Lei complementar e lei ordinária: diferenças e características

fev 04

As leis complementares e ordinárias são as espécies normativas que passam pelo processo legislativo ordinário completo, constituído de uma fase de iniciativa, uma fase constitutiva (com deliberação, votação, sanção ou veto) e uma fase complementar (promulgação e publicação). Em regra, elas são utilizadas para a edição de normas gerais e abstratas que regulamentam normas constitucionais. Porém, há entre elas duas grandes diferenças, uma de ordem material e outra de ordem formal

Diferença material entre lei complementar e lei ordinária

Quanto ao aspecto material, a lei complementar se diferencia da ordinária pelo fato de seu âmbito de regulamentação estar taxativamente previsto na Constituição Federal. Isto é, toda matéria que deve ser necessariamente regulamentada por lei complementar está explicitamente prevista na Constituição.

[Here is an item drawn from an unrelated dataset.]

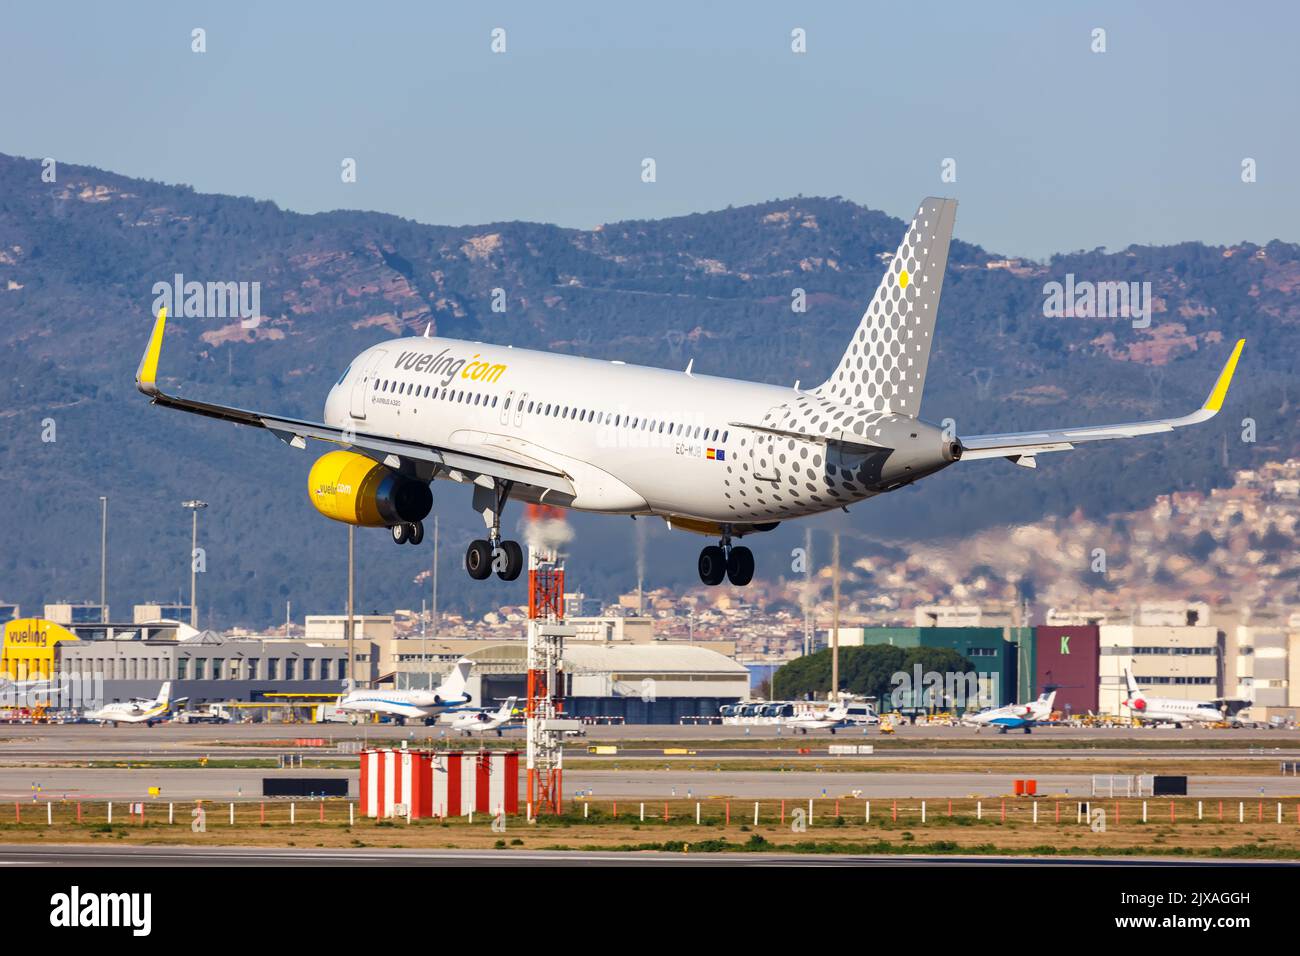 Barcelona, Spain - February 21, 2022: Vueling Airbus A320 airplane at Barcelona airport (BCN) in Spain. Stock Photo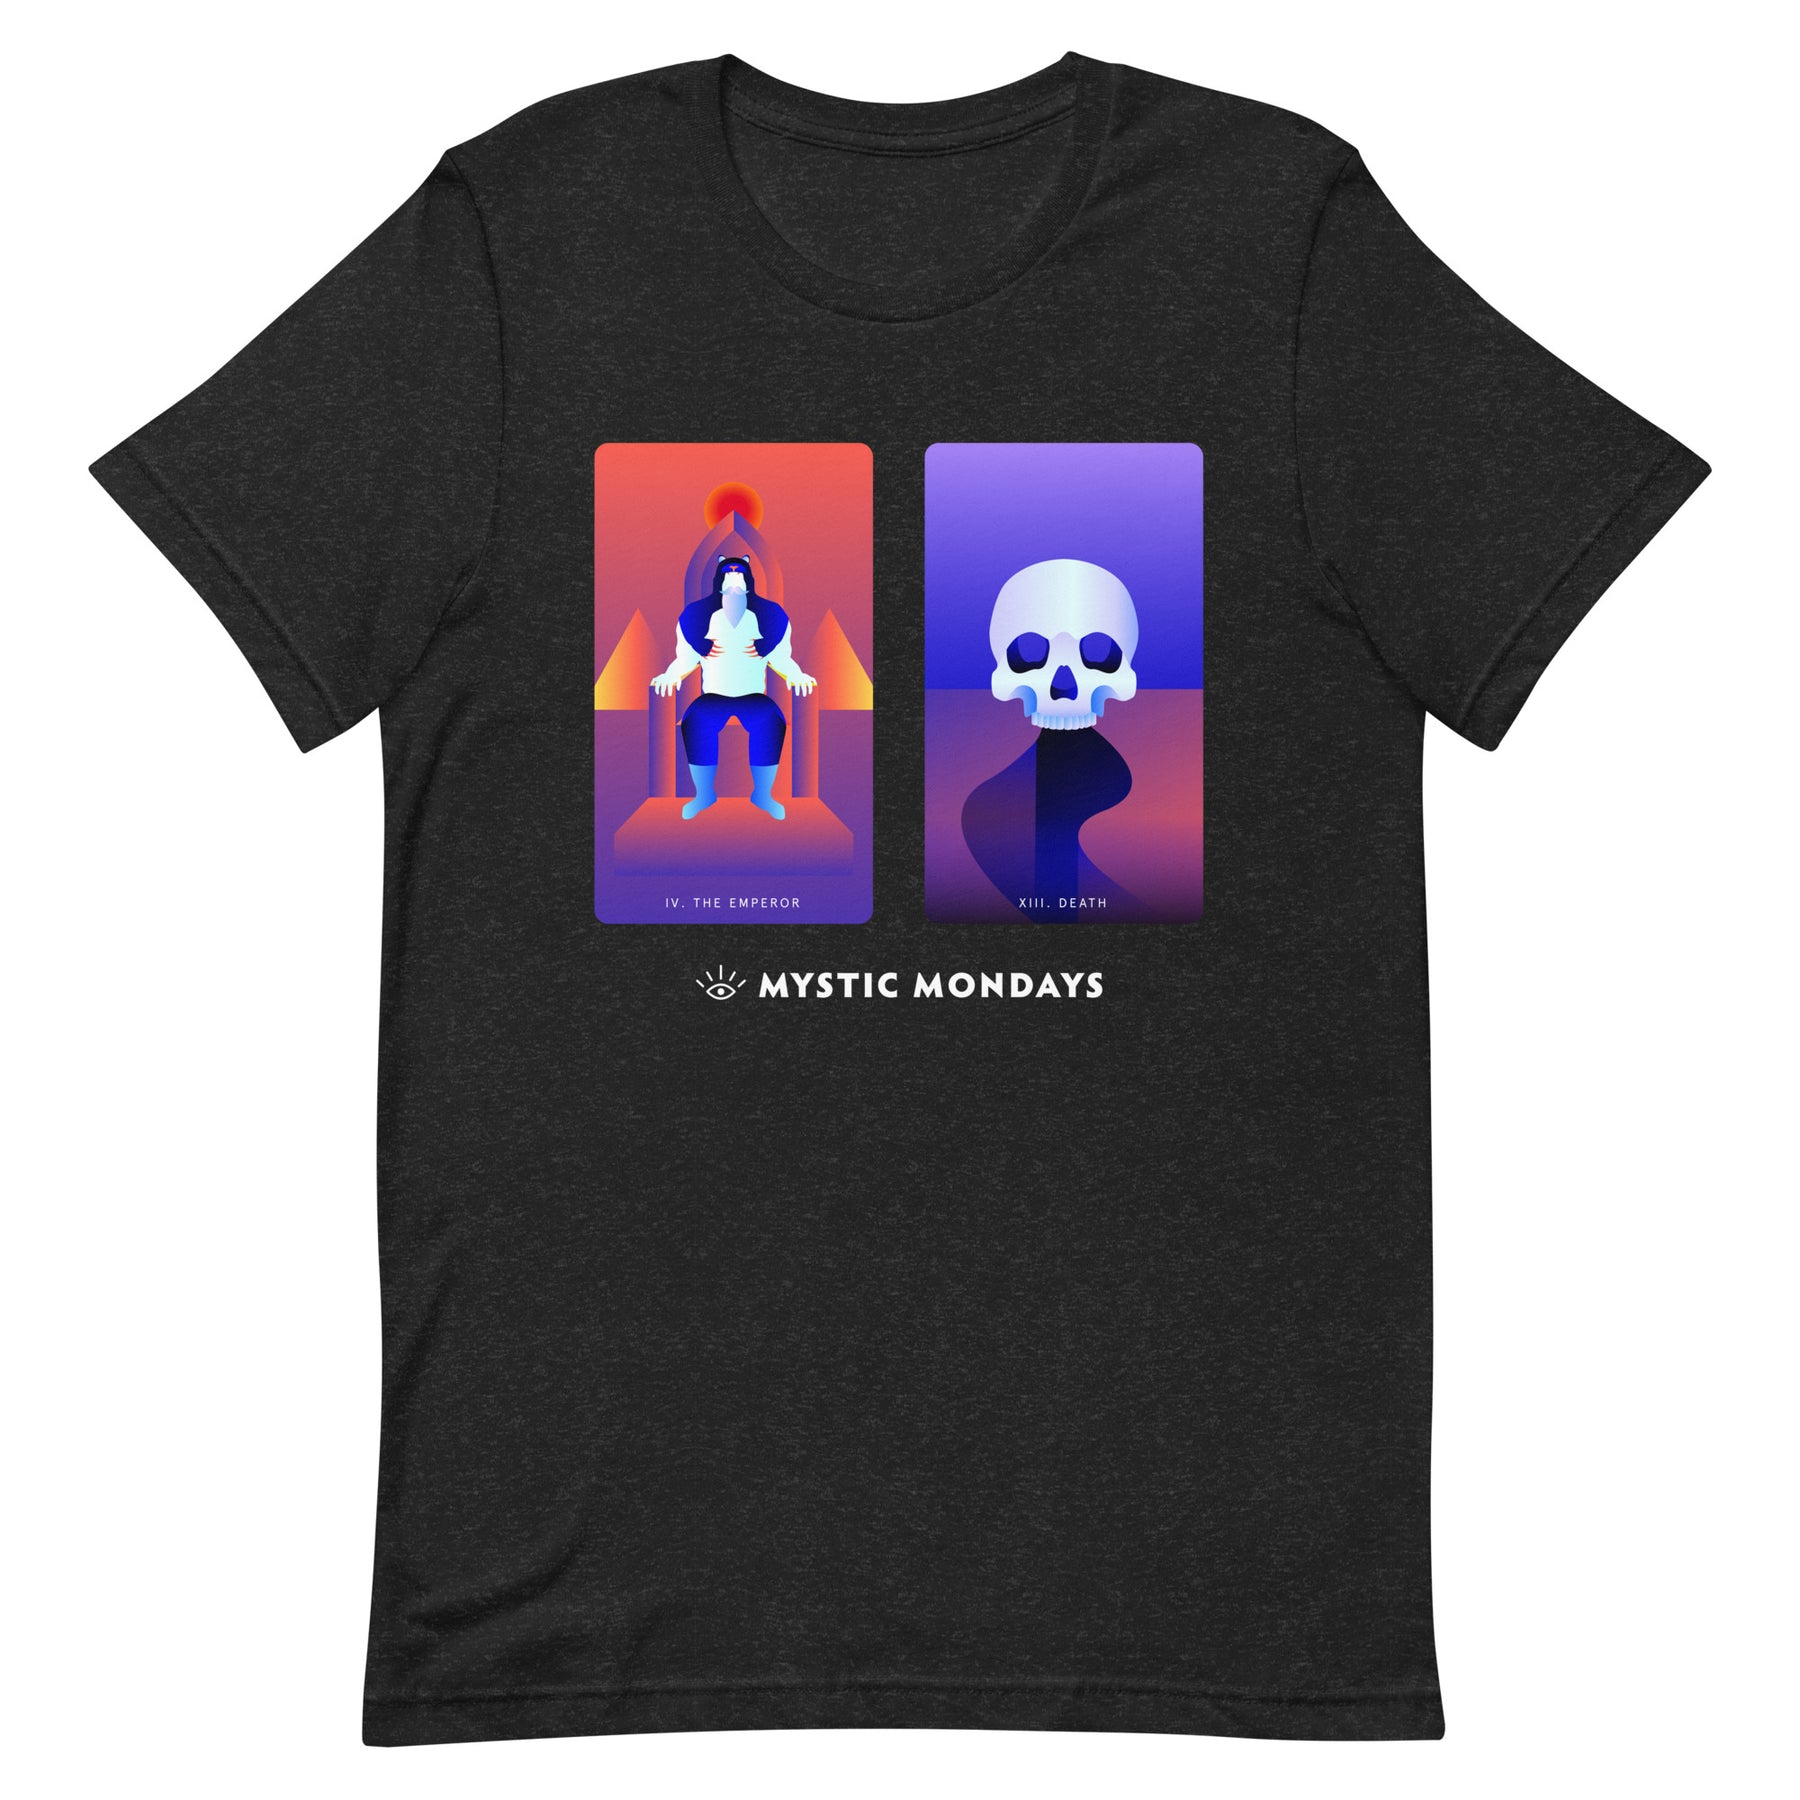 The Emperor and Death T-shirt

Alguns exemplos disto estão no art. 7º, I, (previsão de indenização compensatória para demissão sem justa causa), art. 14, § 9º (definição dos casos de inelegibilidade e os prazos de sua cessação), art. 18, §§ 2º, 3º e 4º (criação de Território Federal, incorporação, subdivisão e desmembramento de Estados e Municípios) e o art. 25, 3º (criação de regiões metropolitanas, aglomerações urbanas e microrregiões pelo Estado).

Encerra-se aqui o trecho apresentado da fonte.